Learn/SEV1
SEVERITY

Severity 1 (High)

Major incident. Significant functionality is broken or degraded, but a workaround may exist or the impact is partial.

SEV1

Major incident. Significant functionality is broken or degraded, but a workaround may exist or the impact is partial.

"It Hurts, But We Are Alive"

SEV1 (Severity 1) is a major issue. A core feature might be broken (e.g., "Users cannot update their profile pictures"), or performance is severely degraded (e.g., "Page loads take 10 seconds").

SEV1 vs. SEV0

  • SEV0: The house is burning down. (System is down).
  • SEV1: The kitchen is on fire, but the bedroom is fine. (Major feature broken).

Response Expectations

SEV1s require an Incident Commander and usually a Scribe. You should wake people up if it happens at night (depending on your On-Call policy), but you might not wake up the CEO.

ExThe Broken Image Upload

"A social network pushed a bug that prevented all image uploads. Users could still login and chat."

Impact
User engagement dropped 40%.
Resolution
Declared SEV1. Rolled back the change in 45 minutes.

Why SEV1 Matters

Urgent, but the company is not "dead".

Business impact is high, but not existential.
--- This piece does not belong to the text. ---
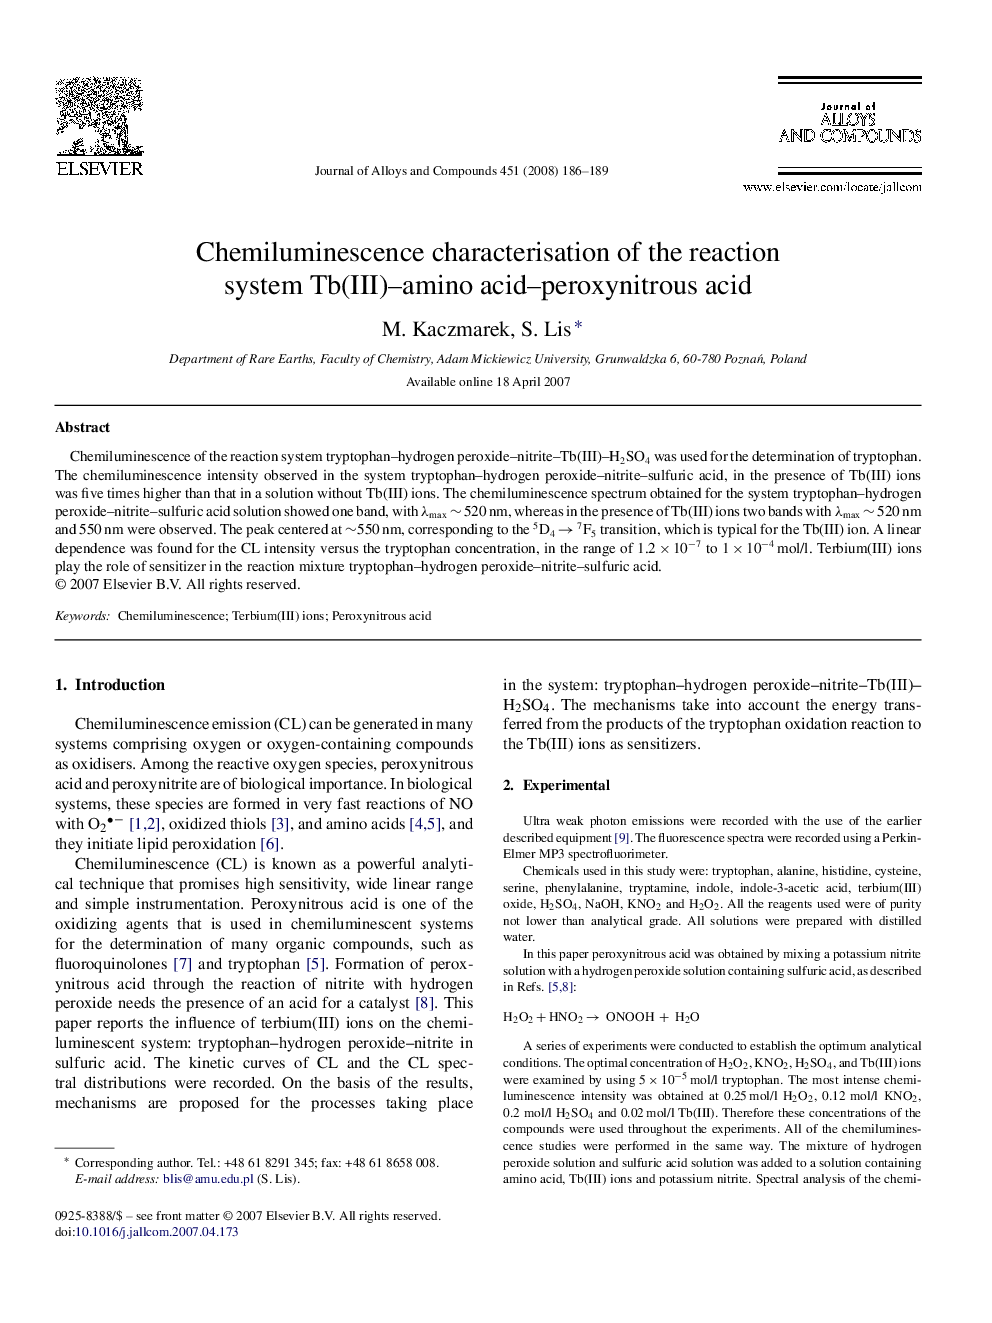 Chemiluminescence characterisation of the reaction system Tb(III)-amino acid-peroxynitrous acid

Requires immediate attention but follows standard incident roles.

Common Pitfalls

Severity Inflation
Marking everything as SEV1 makes people ignore alerts ("The Boy Who Cried Wolf").
Severity Deflation
Calling a SEV1 a "SEV2" to avoid waking people up. This hurts customers.
Missing Role Formalities
Running a SEV1 without an assigned IC.

How to Use SEV1

⏱️
SLA: Target response < 15 mins.
📝
Assign Roles: You need an IC and Scribe.
📣
Notify Stakeholders: Keep the business informed.

Frequently Asked Questions

Is performance a SEV1?
Yes, if it significantly impacts usability (e.g., >3s latency for 50% of users).
Do I need a War Room?
Yes. Coordination is still required to prevent it from becoming a SEV0.
Can I go back to sleep?
No. SEV1s must be fixed immediately.